Гриша бежит по следу

      По-мальчишечьи весело, будто заложив два пальца в рот, свистел ветер. Мороз кусал нос и щёки. Снег скрипел под ногами, как новые неразношенные ботинки. Сжимая в руке автомат, я крался следом за Гришей. Автомат был пластмассовый, ствол красного цвета, а приклад – чёрного.
      Гриша в правой руке держал пистолет, а в левой – сразу два поводка, на которых были его собачки – Уголёк и Кнопка. Собаки то тянули в разные стороны, то бежали рядом.
      Гриша шипел на них:
      – Тише, черти, мы на вражеской территории…
      Но собаки не хотели понимать, что они на войне. Они были рады, что Гриша вывел их на прогулку после долгого заточения. Почуяв волю, Уголёк и Кнопка радостно лаяли и носились по снегу.
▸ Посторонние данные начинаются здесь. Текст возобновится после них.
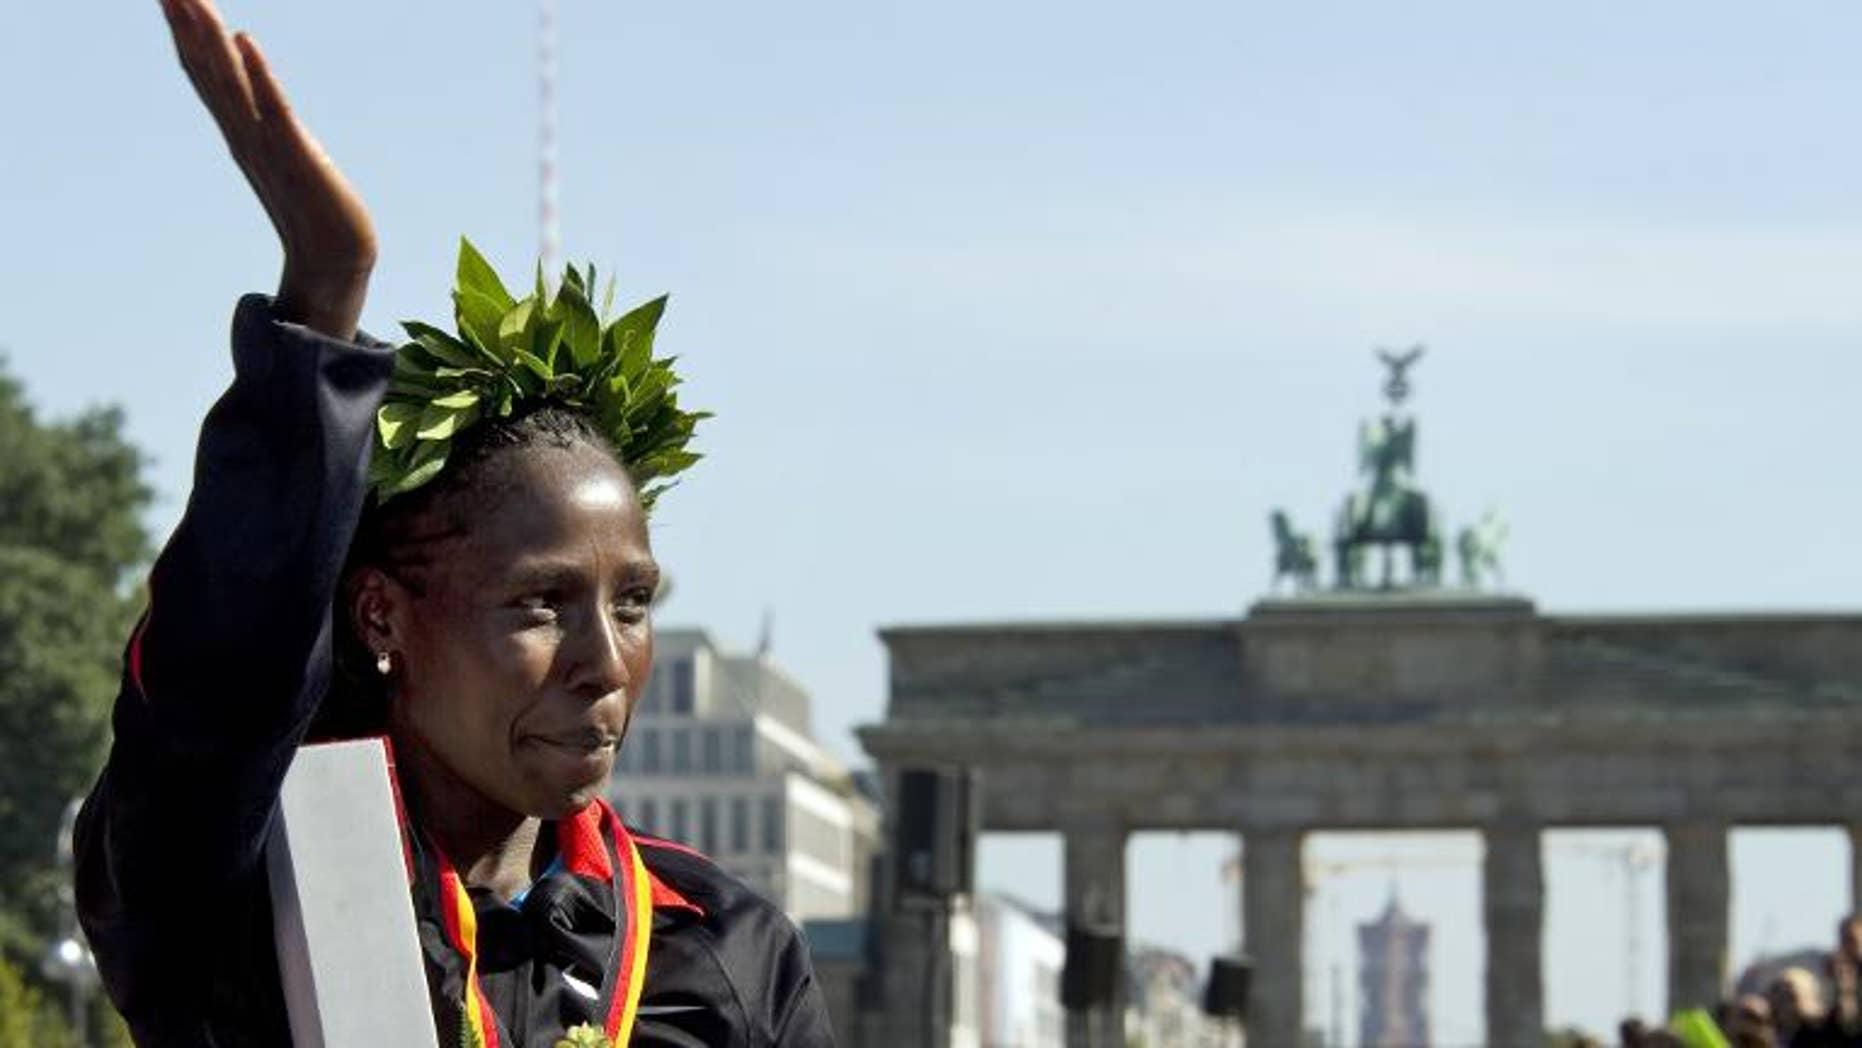 Florence Kiplagat of Kenya celebrates after the 38th Berlin Marathon on September 25, 2011

      – Закрой им рот, – попросил я. – Они нас выдадут…
      – Что я с ними могу поделать? – расстроился Гриша. – Они совсем не умеют в войну играть.
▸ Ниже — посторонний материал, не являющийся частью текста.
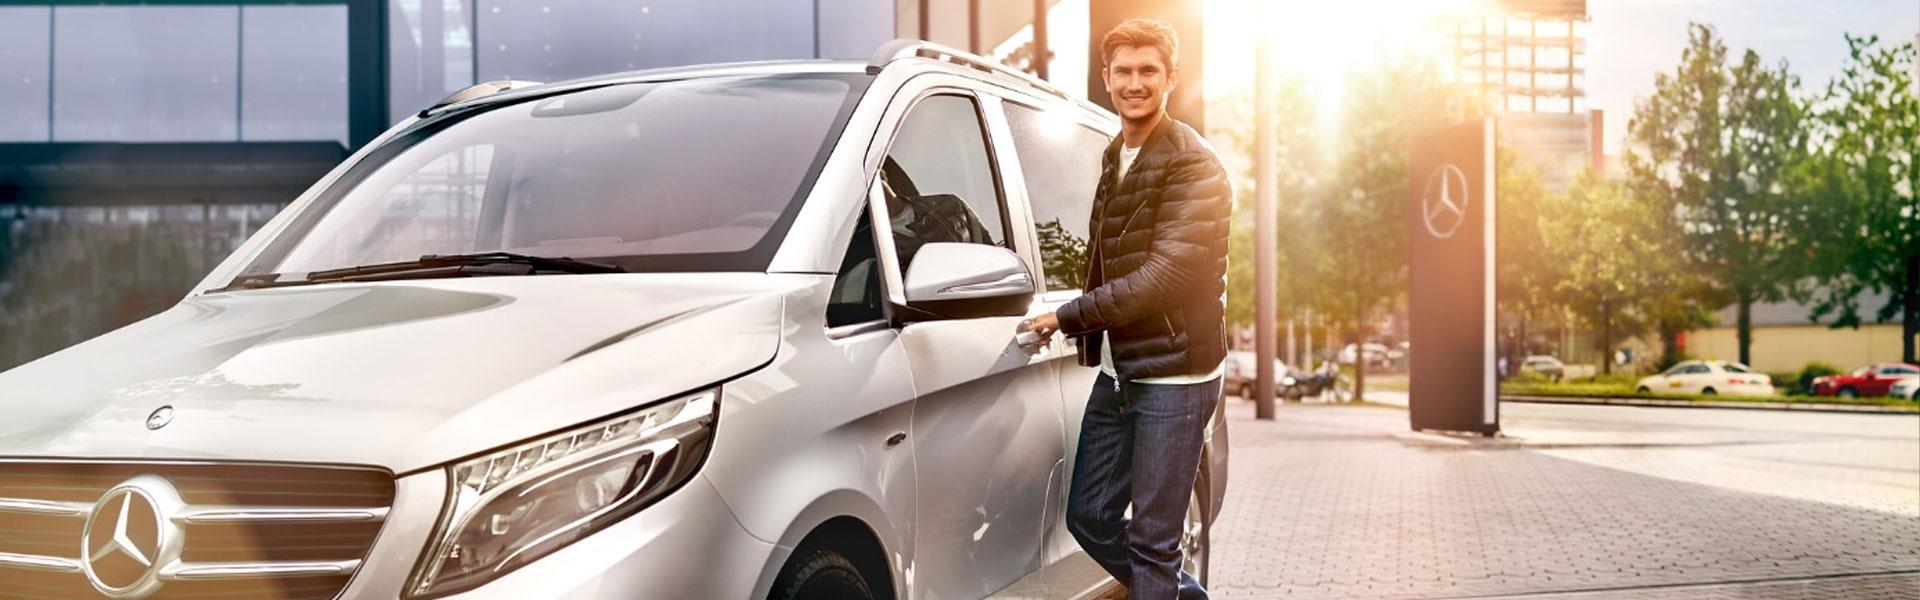 Mercedes-Benz-Brinkmann-Transporter-Garantie-Paket-Garantie-Paket-im-Anschluss-an-Herstellergarantie-Header

      Крадучись, мы обошли вокруг дома. Наших противников нигде не было. Ничего удивительного, услышав Гришиных собак, они надёжно спрятались.
      – Собаки нарочно подыгрывают противнику, – рассердился я. – Они предупреждают его о нашем появлении…
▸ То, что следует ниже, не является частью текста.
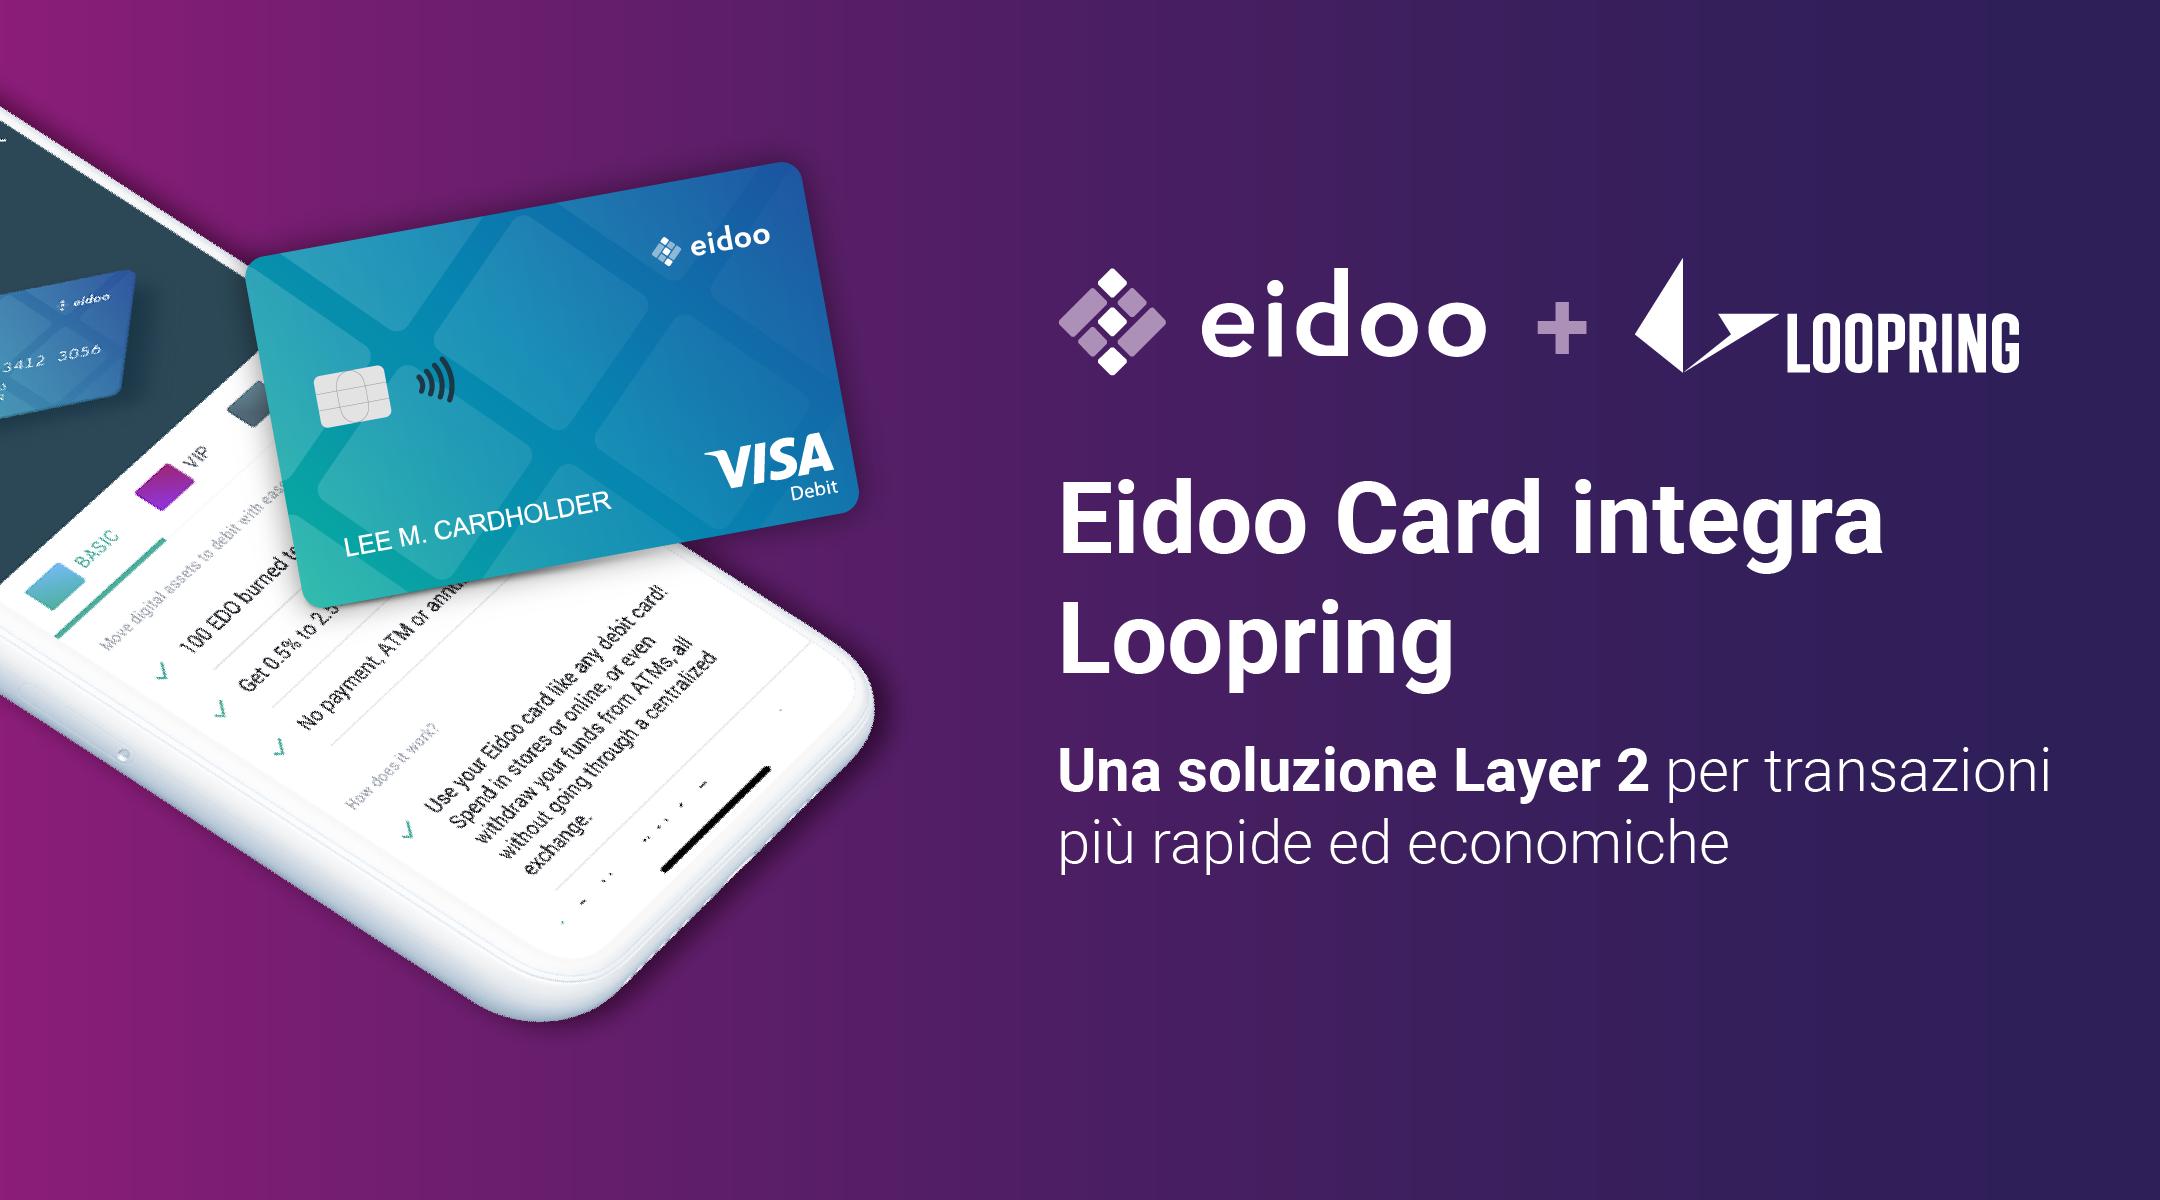 EIDOO CARD INTEGRA LOOPRING, LA SOLUZIONE LAYER 2 PER TRANSAZIONI GLOBALI PIÙ VELOCI ED ECONOMICHE

      – Тоже скажешь, – обиделся за собак Гриша. – Сам топает, как слон. Тебя за сто километров слышно.
      Я не успел ничего ответить Грише, потому что в ту же минуту застрекотал автомат и следом за ним раздался мальчишеский голос:
      – Падай, падай! Почему ты не падаешь? Ты же убитый…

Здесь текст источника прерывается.